As far as the health insurance thing I think the place we should start is with a blank sheet of paper and then write on that piece of paper, "No one should die because they can't afford health coverage and no one should go broke because they get sick" and use that as your starting point. How we make it work, I also don't have enough detailed knowledge on the subject to give a compelling argument but I do know there are at least a few dozen countries in the world that seem to have it figured out, why not see what some of them are doing and do the same thing? One thing i'd suggest is maybe health care should be run as a non-profit model? After all i'm not sure the most important thing should be how many piles of cash are left laying around at the end of the day to be divided up among the board of directors and shareholders when it comes to taking care of peoples health.


At 4:17 PM, Blogger Charlza said...

A local play group is doing a production of Dr. Horrible this weekend and we're planning to go...can't wait to see it!
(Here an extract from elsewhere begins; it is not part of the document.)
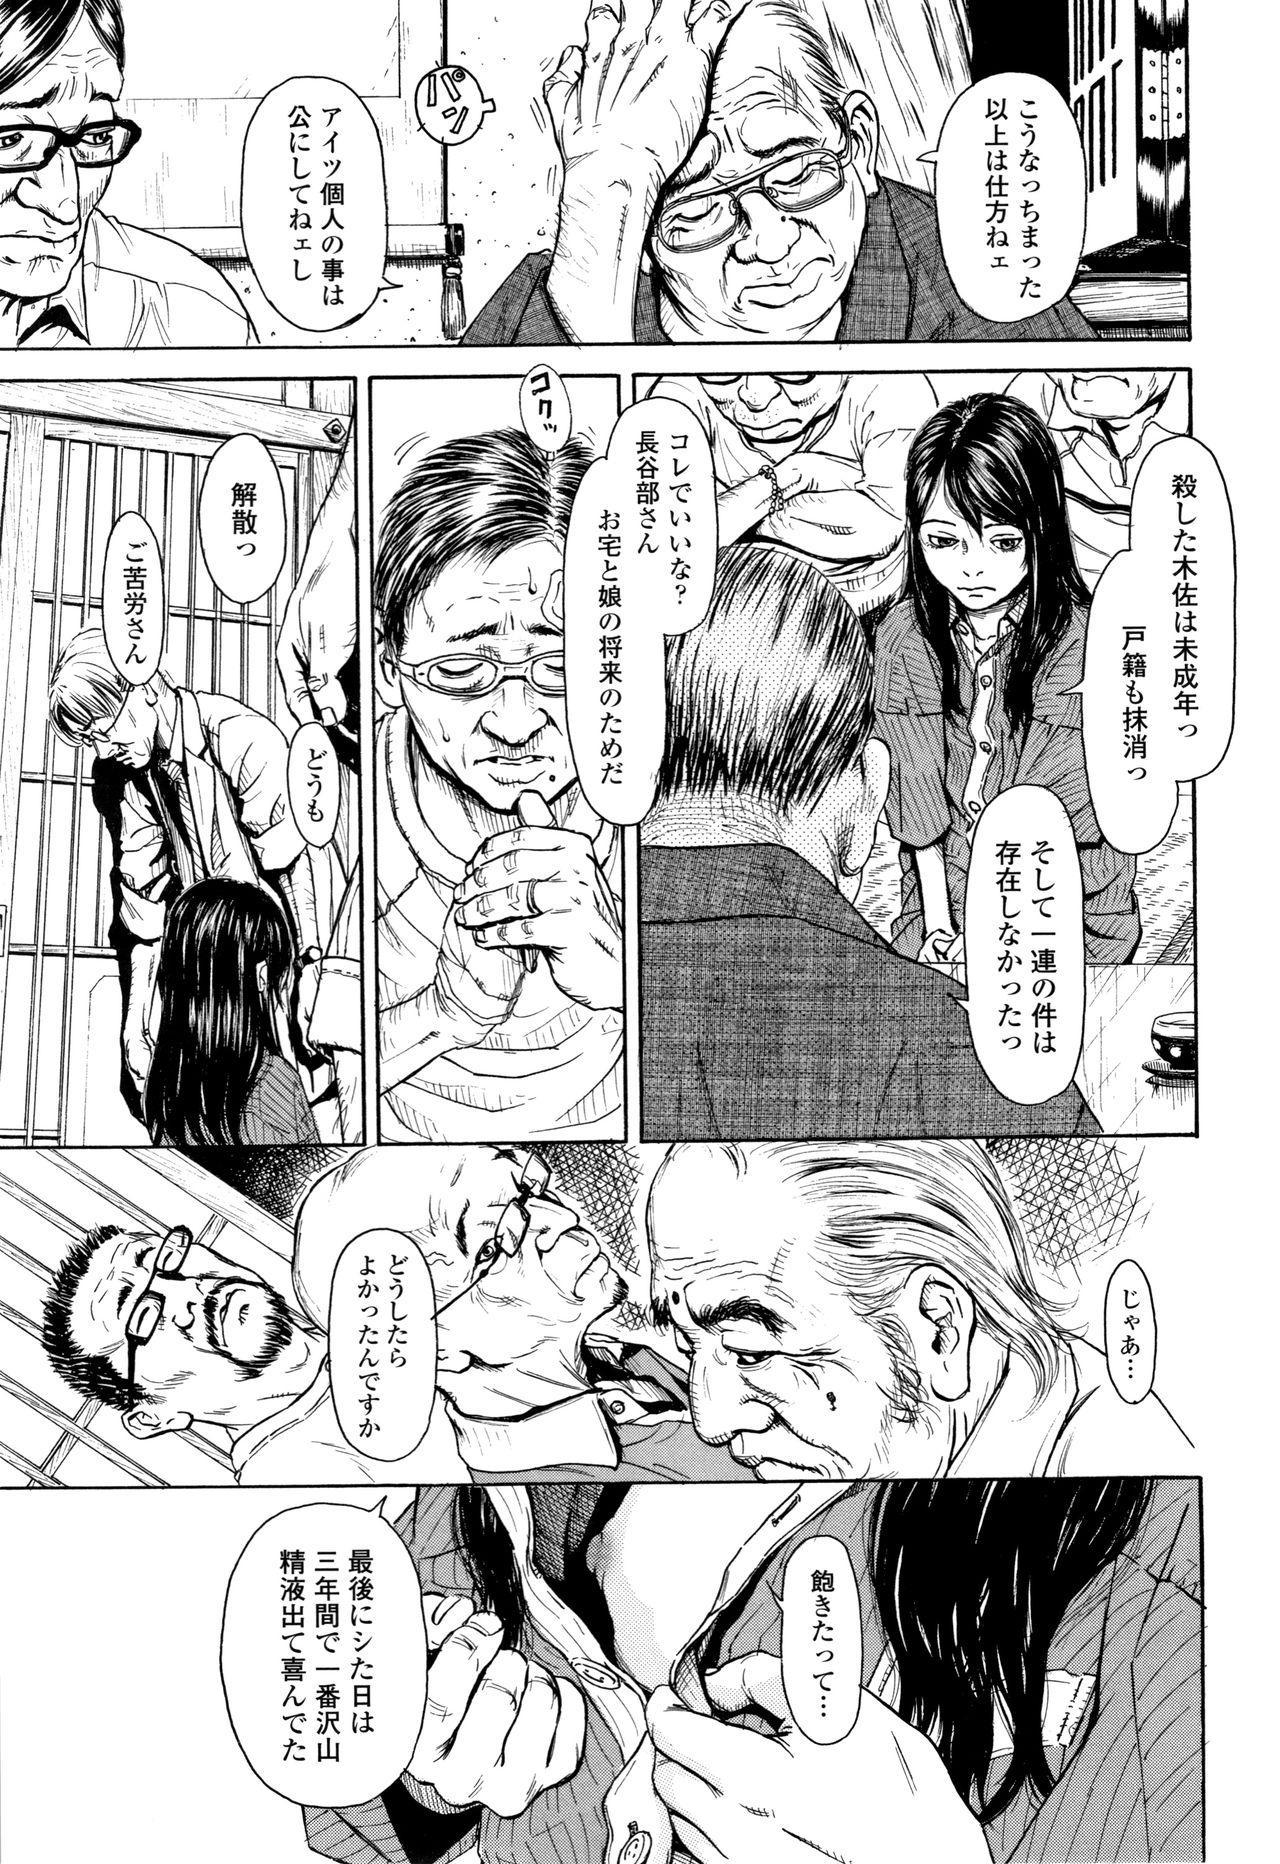 Chiisai Karada ni Shiroi Kage 91

At 6:24 PM, Blogger Steve said...

I'm coming in late on this subject, but I can't resist putting in my two cents on health care. Jeffrey, you're clearly an intelligent and humane guy, but I think you're just wrong on the death panel issue. I'm no conservative (except for my support of nuclear power and space exploration) and I support single payer ("Medicare for all") health care, which the administration does not. But the "death panel" notion, although admittedly that particular term reeks of hyperbole, has a real basis. The proposal is called "IMAC" for Independent Medicare Adisory Commission and would be authorized to apply cost-benefit analysis to Medicare treatment policies. Their recommendations could be voted up or down by Congres but not modified.
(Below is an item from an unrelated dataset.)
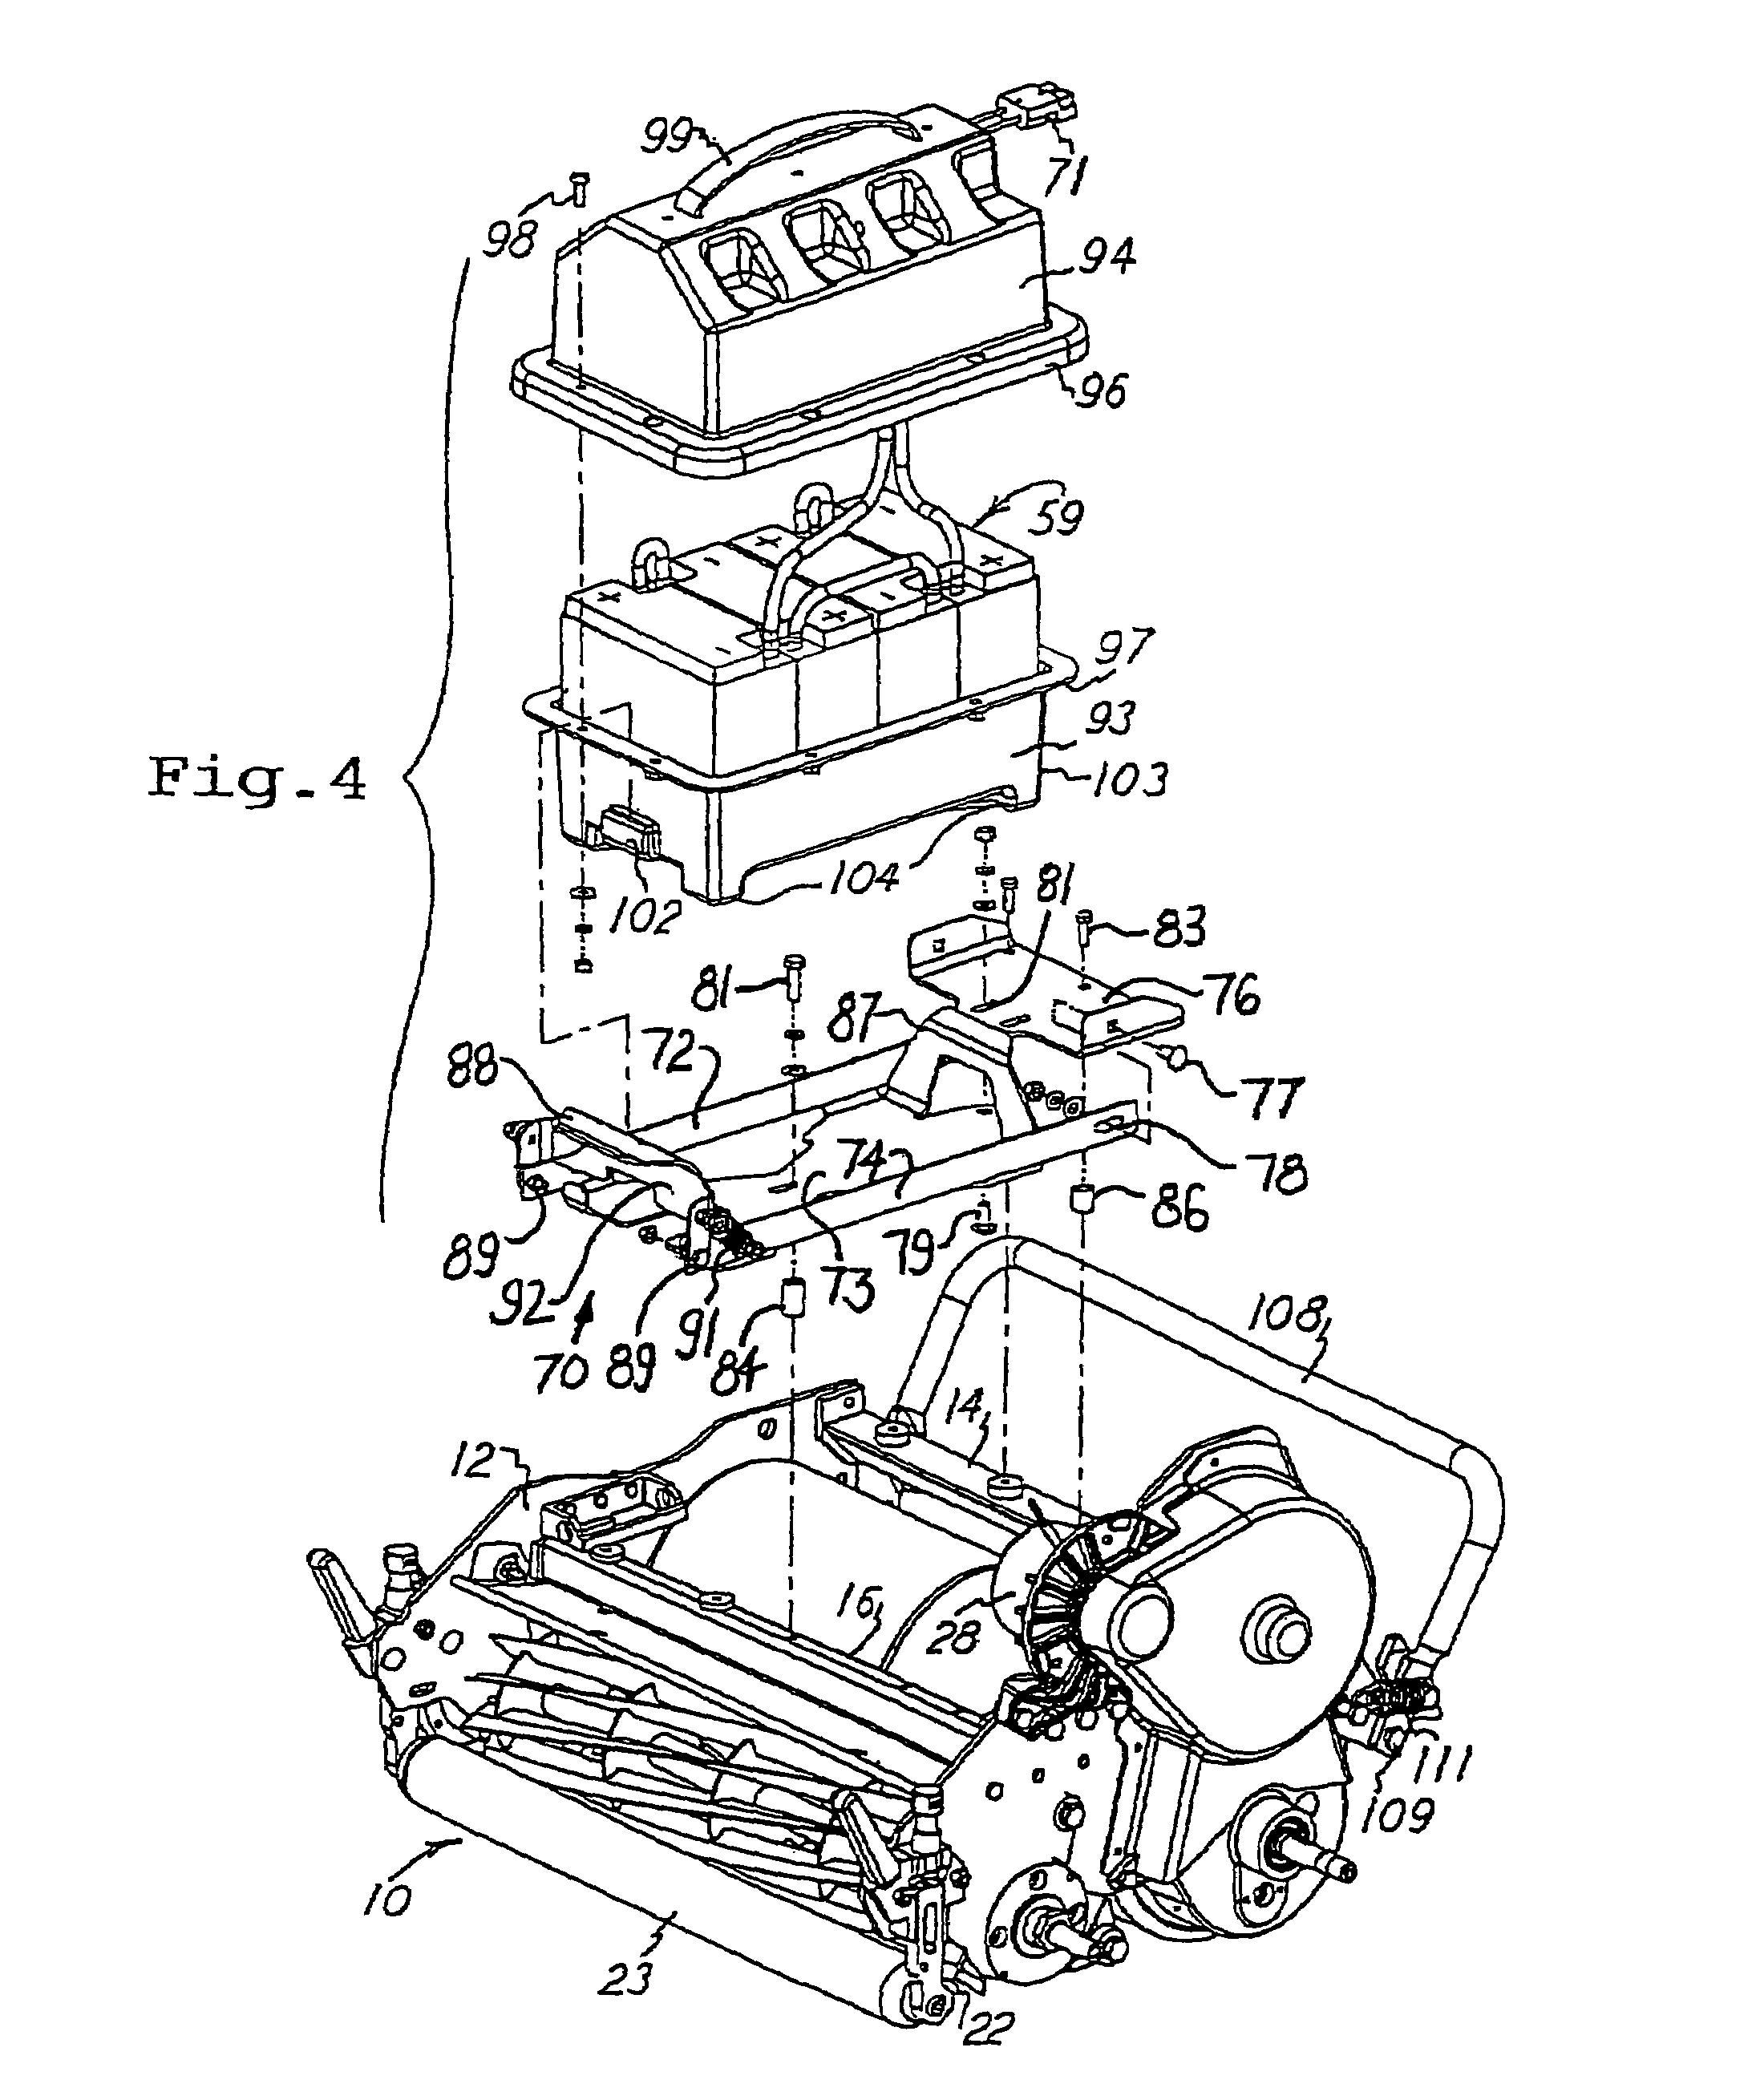 patent us7434642

Now one can nit-pick about whether IMAC is a "death panel". Some might say that the strict definition of a death panel would have to involve a committee empowered to pass on treatment options for particular individuals. Well, if reimbursement for treatments is limited at the Federal level in the name of cost-cutting, then the "death panel" function will occur de-facto in the decision processes of doctors and hospital administrators complying with resource allocation policies mandated at the Federal level.

I would like to see universal affordable quality health care as much as anybody, and I think the Federal government is an appropriate venue for this. Unfortunately, I do not have your degree of trust in this administration. I say if you can't do it right, don't do it. This "reform" would be a windfall for big insurance and make health care less available to many people.